— TO DO —
Could you give the listing again exactly, without its pictures?

— DATASET EXTRACT —

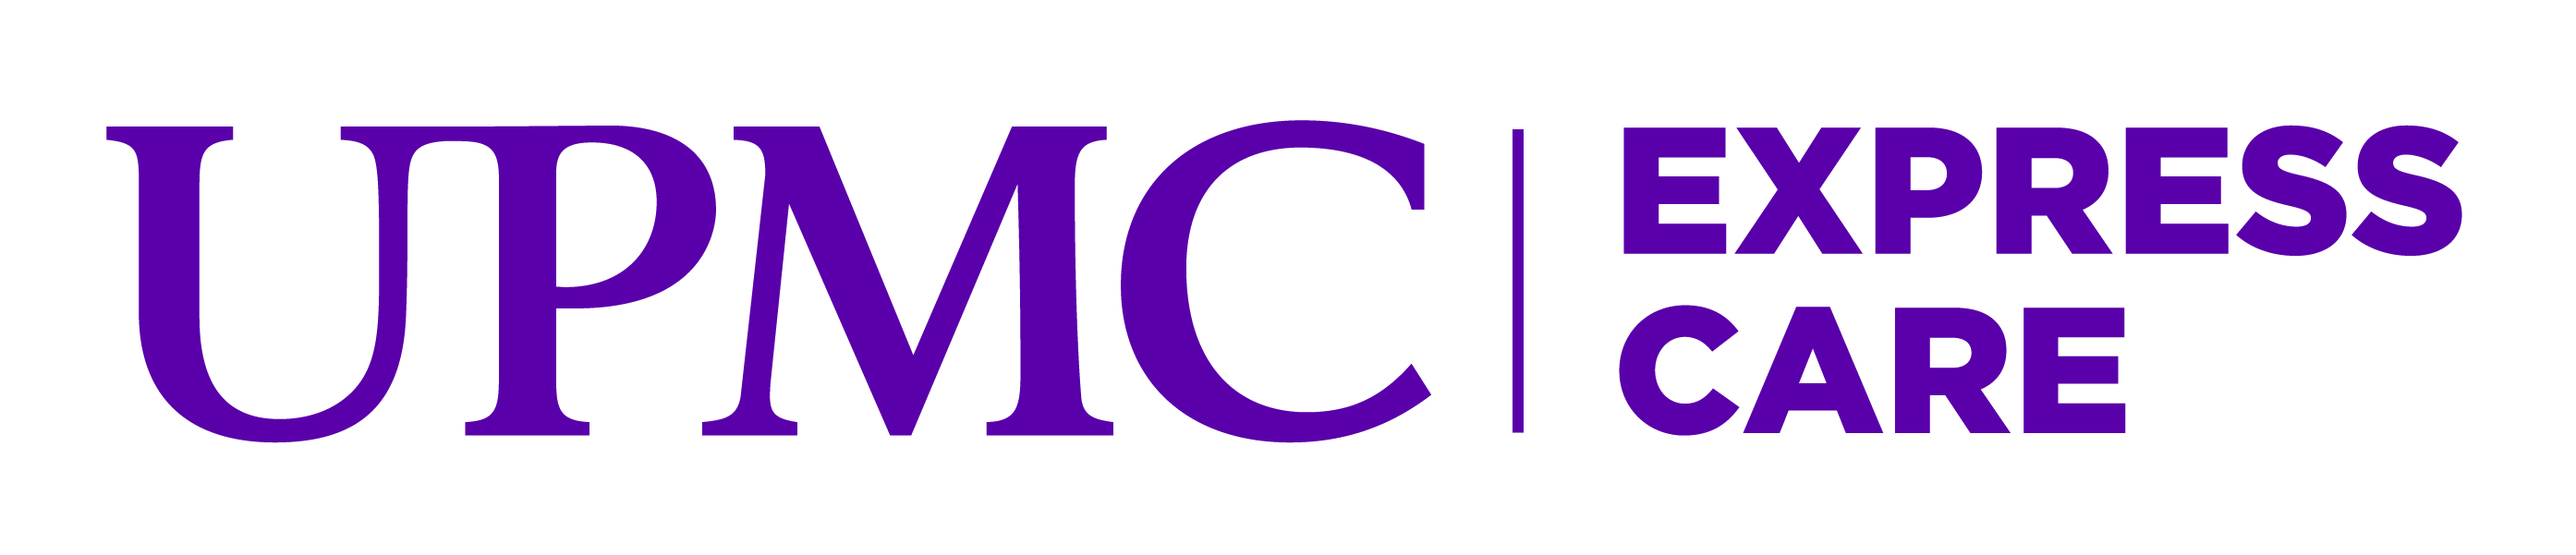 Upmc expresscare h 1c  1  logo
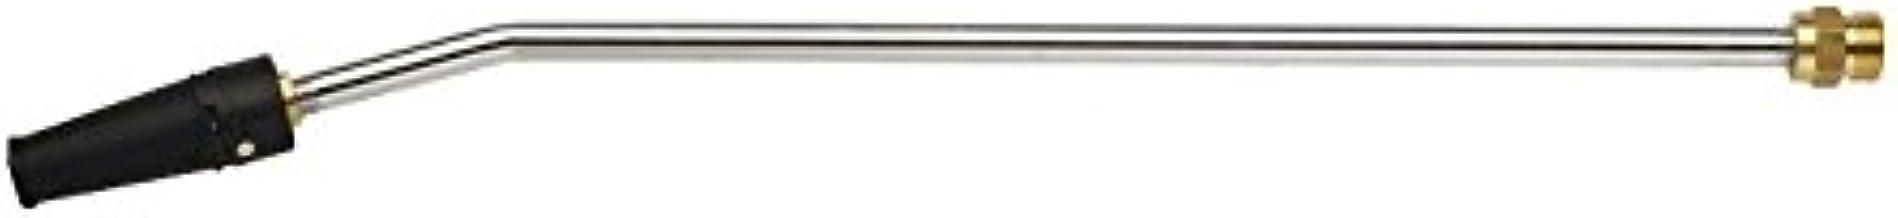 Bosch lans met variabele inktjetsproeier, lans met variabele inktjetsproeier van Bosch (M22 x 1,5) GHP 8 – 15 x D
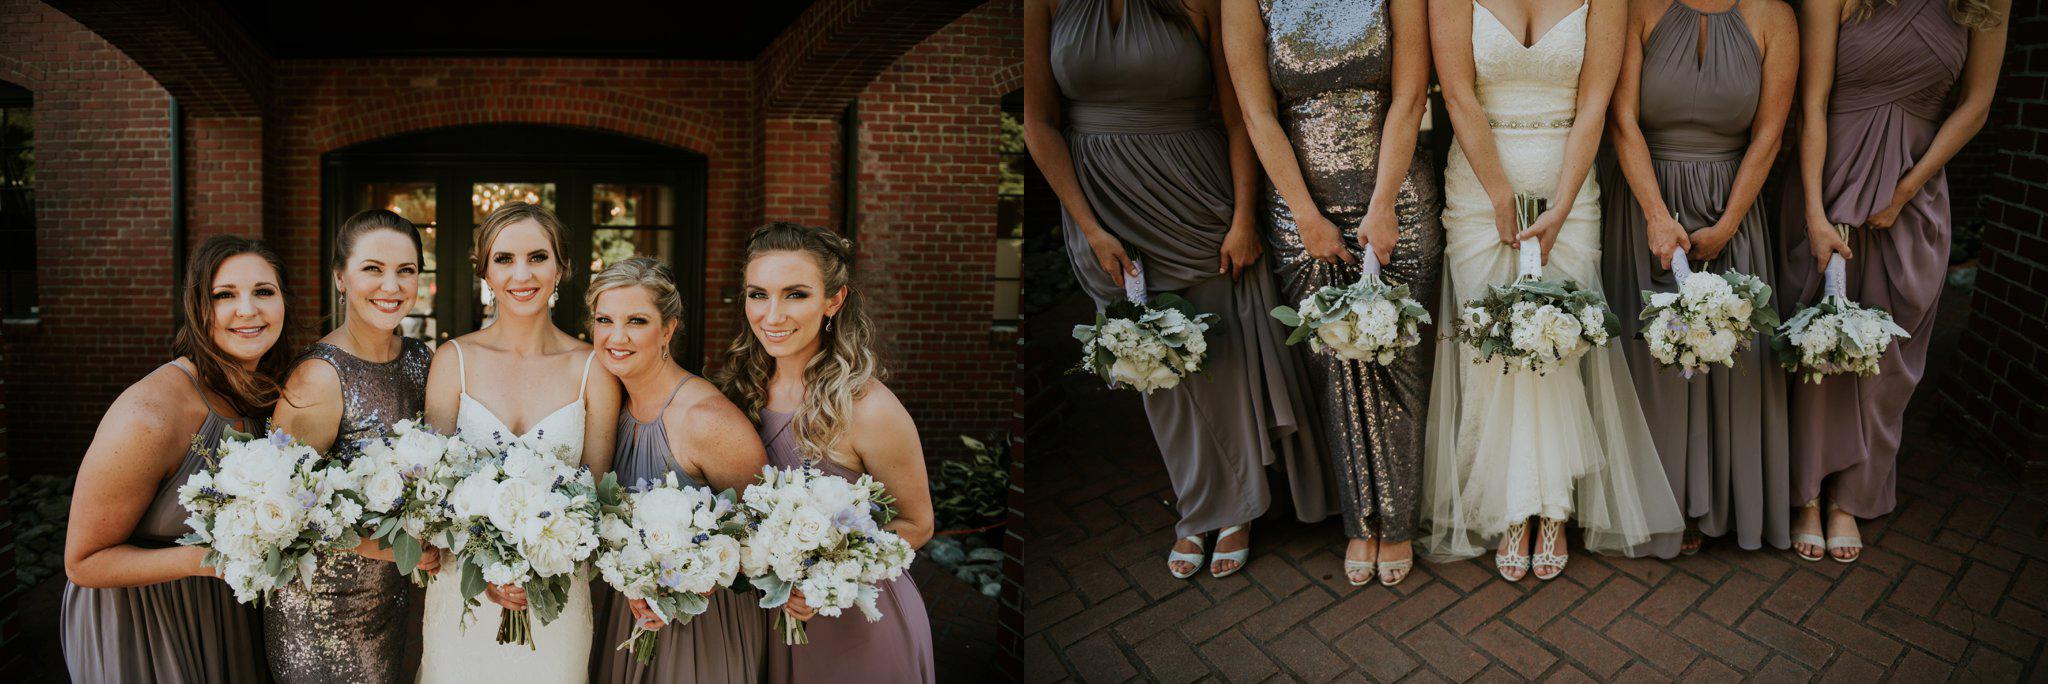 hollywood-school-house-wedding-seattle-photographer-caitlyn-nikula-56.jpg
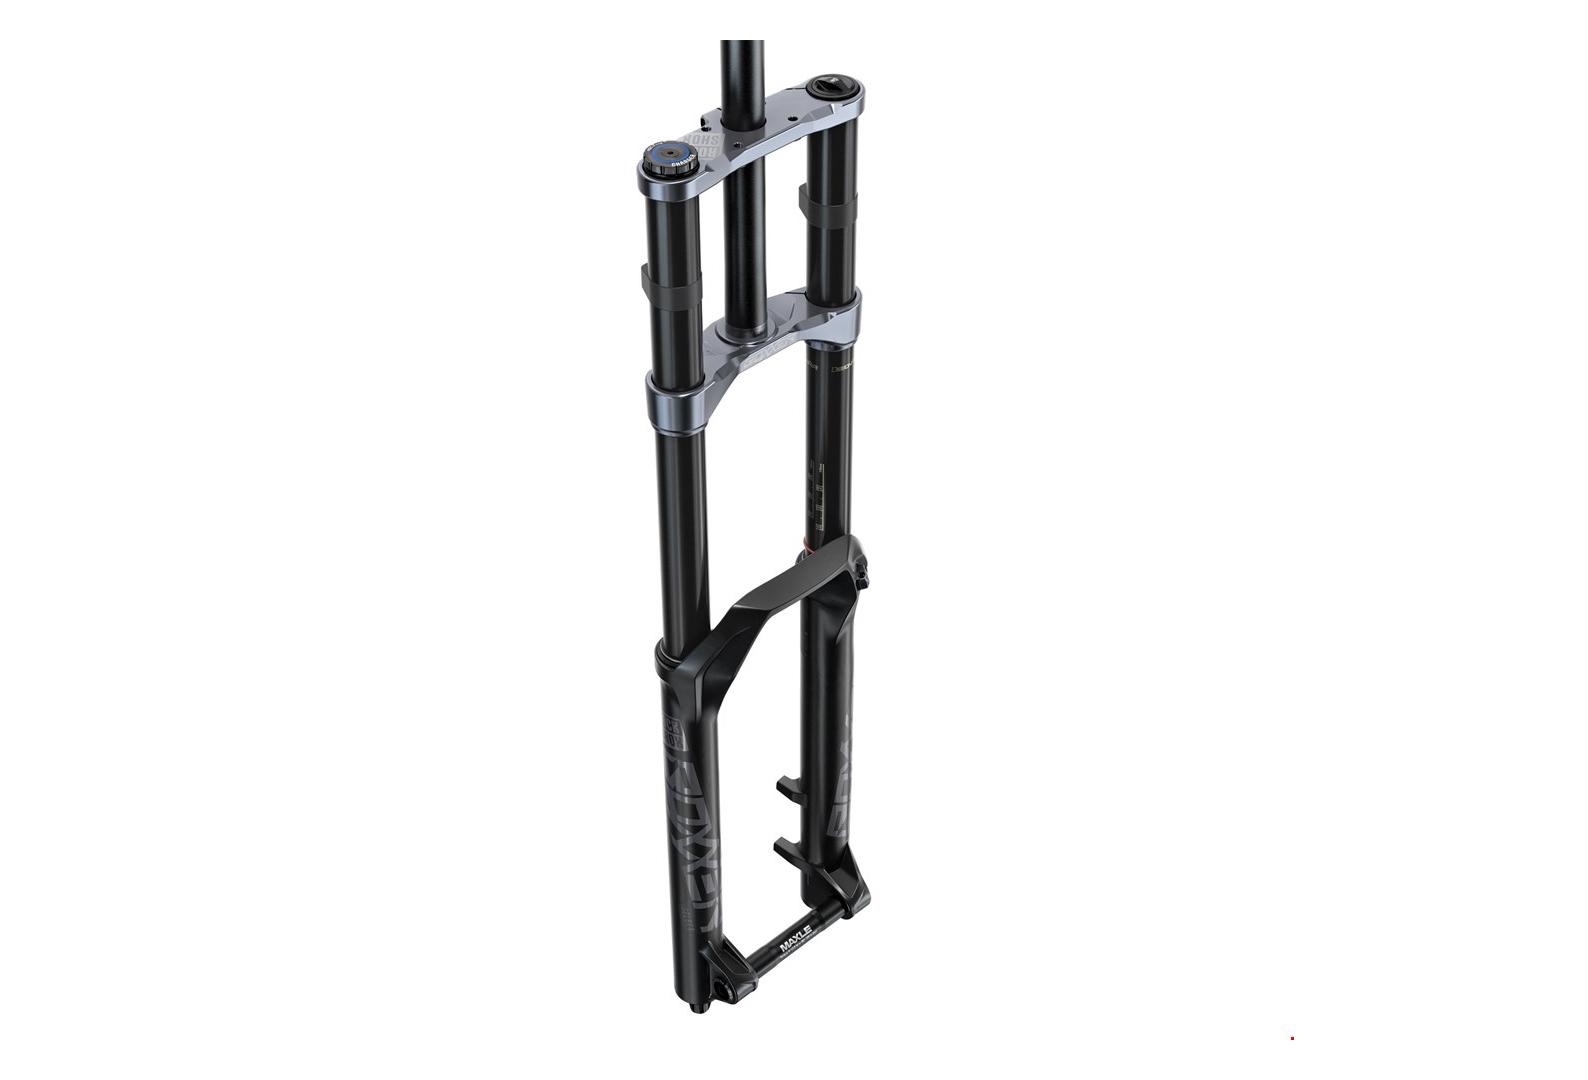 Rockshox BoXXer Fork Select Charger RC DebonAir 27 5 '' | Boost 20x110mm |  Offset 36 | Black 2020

— OUTPUT FOR THIS EXERCISE —
 Upmc expresscare h 1c  1  logo
 Bosch lans met variabele inktjetsproeier, lans met variabele inktjetsproeier van Bosch (M22 x 1,5) GHP 8 – 15 x D
 hollywood-school-house-wedding-seattle-photographer-caitlyn-nikula-56.jpg
 Rockshox BoXXer Fork Select Charger RC DebonAir 27 5 '' | Boost 20x110mm |  Offset 36 | Black 2020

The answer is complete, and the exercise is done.